Rebecca H. Davis, Area Water Resources Agent

Summer brings thoughts of vacation, hot days, and afternoon thunderstorms! During storms, the first concern is getting inside to keep dry. However, it is important to keep in mind that electrical storms can cause power surges which can damage equipment and cause personal injury and death by electrocution if systems are not properly grounded. Clemson’s Agricultural Safety Program and the Regional Water Resources Agents are sending voltage testers to farmers to remind them to check irrigation systems before touching any part of it, especially after thunderstorms.  Also, it is crucial to check the ground rods on irrigation systems and grain bins equipped with electronic scales. A National Electric Code (NEC) states that the minimum ground rod length is 8’ and 5/8” in diameter. The rod, generally copper-coated steel, must be totally driven into the ground near the electrical control box. A copper wire connecting the control box to the rod is tightly clamped to the ground rod. This creates a path of least resistance for stray voltage to go into the ground instead of through an individual touching the energized equipment, risking the chance of injury or death.

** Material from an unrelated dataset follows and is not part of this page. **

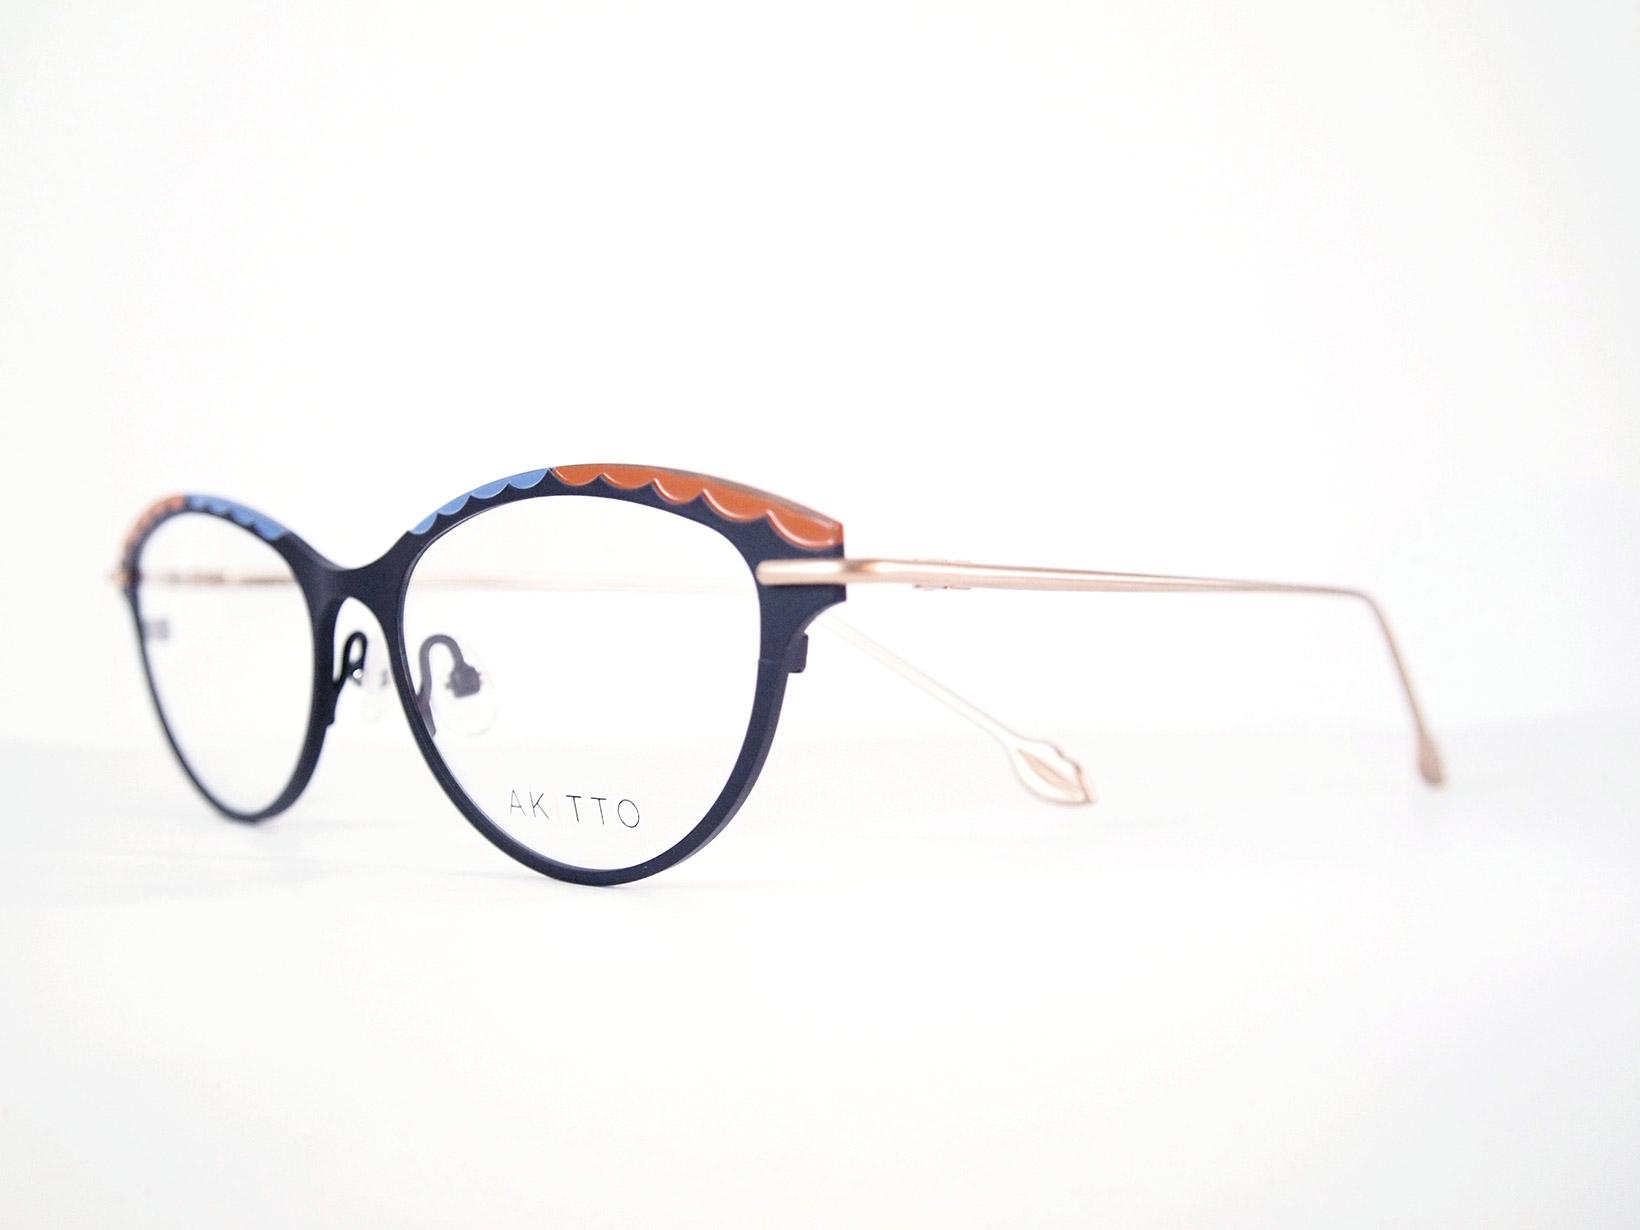 AKITTO 2017-4th cut color|NV size:50□16 material:titanium price:¥44,500-(+tax)

Over time, the grounding connector which attaches the conducting copper wire to the ground rod can become loose due to freezing and thawing or even disconnected due to damage such as by mowing equipment. Therefore, it is necessary to inspect the connection on a regular basis. Another safety reminder is to always check for the presence of stray voltage by brushing any questionable equipment with the back of your hand. Grabbing a charged object will result in the inability to let go and likely cause death by electrocution.

It is also good to keep in mind that your house should also be grounded in a similar manner.

Figure 1. Copper wire is attached to a ground rod with a grounding connector.

Figure 2. Electrical control box grounding system.

Figure 3. A non-contact voltage tester.